= YouTwoTV =

YouTube channel

YouTwoTV is a YouTube channel produced by Canadian YouTubers Jaz Saini and Harjit Bhandal. The duo is most prominently known as YouTube personalities and Much Studios creators. Since its 2016 launch, the channel currently has 3.64M subscribers and has a total of 1.7B views.

== Early life ==
Jaz Saini was born in Brampton, Ontario to parents of Indian descent. Saini was raised alongside two older brothers, Varinder and Paul. Her eldest brother, Varinder, died at 26 years old in 2008 due to a car accident; her mother died in 2013 after a long battle with depression. Saini graduated from Brampton Centennial Secondary School in 2009 and continued her studies at Humber College, where she graduated with a diploma in Marketing paired with a certification in Marketing Design Applications.

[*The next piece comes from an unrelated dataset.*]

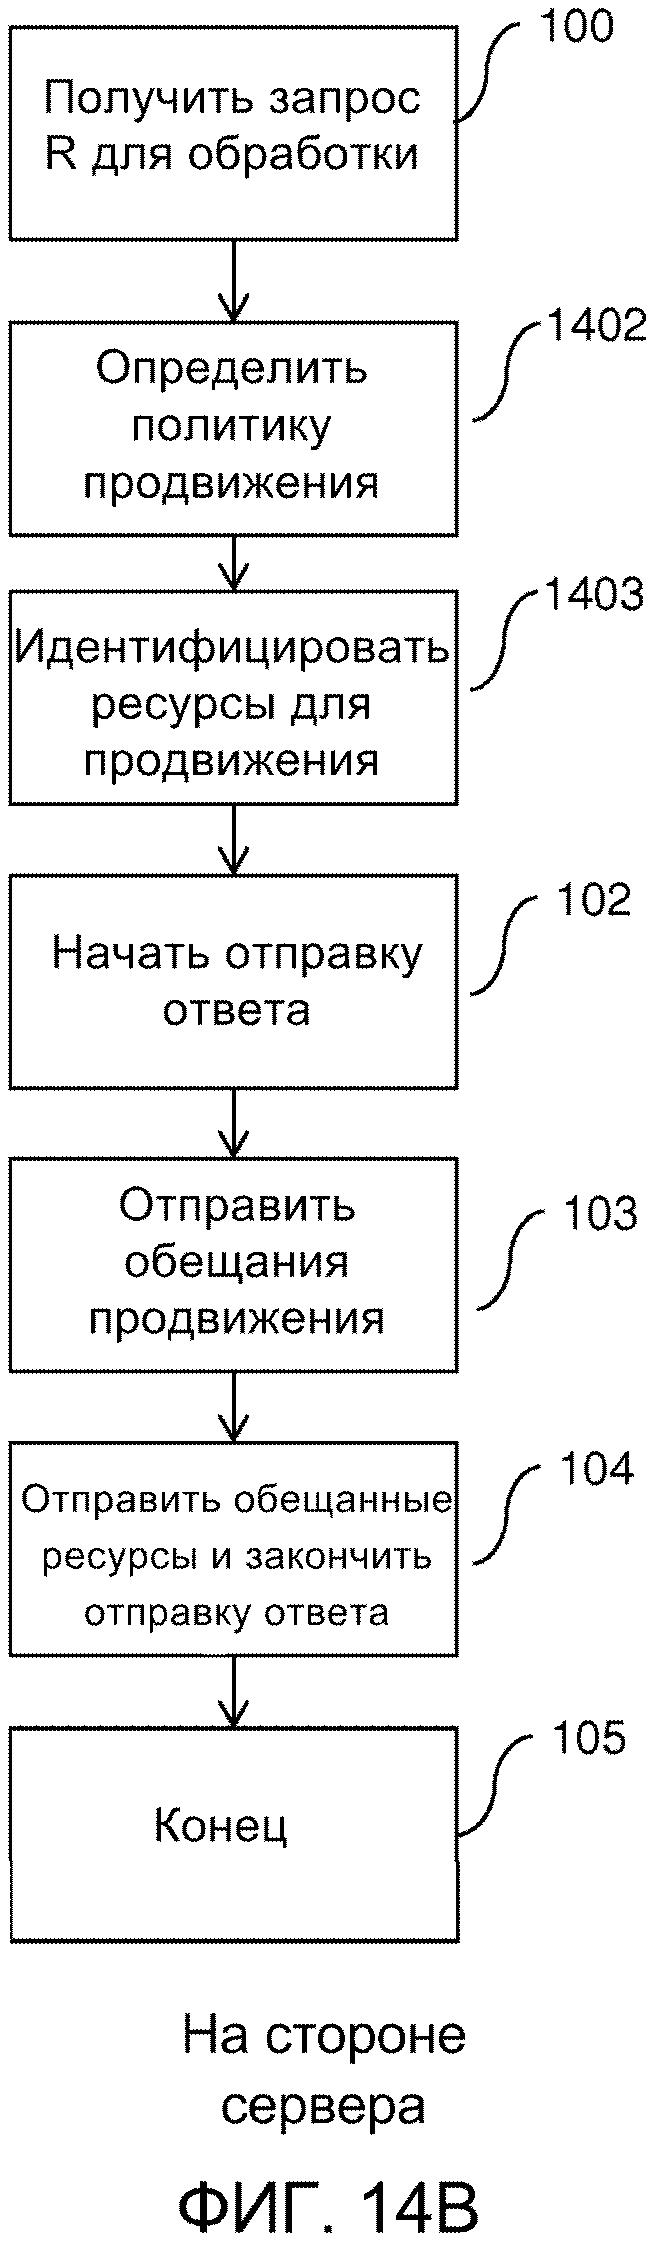 Способ адаптивной потоковой передачи данных с управлением сообщениями активной доставки

Harjit Bhandal was born in Brampton, Ontario to parents of Indian descent.

== Career ==
Though Harjit dropped out of high school, he took interest in film production and co-founded his own film production company, Majestic Films. Since co-founding the company, Bhandal has worked on various projects including documentaries and music videos.

The duo have also partnered as brand ambassadors with companies like Bell, Nestle, Coca-Cola, M&M's, Subway, and McDonald's.

== Awards ==
In 2017, YouTwoTV won the first-ever "Fan Fave Much Creator" award at the 2017 iHeartRadio MMVAs. In 2016, the City of Brampton recognized the duo with the "Citizens Awards Arts Acclaim Award".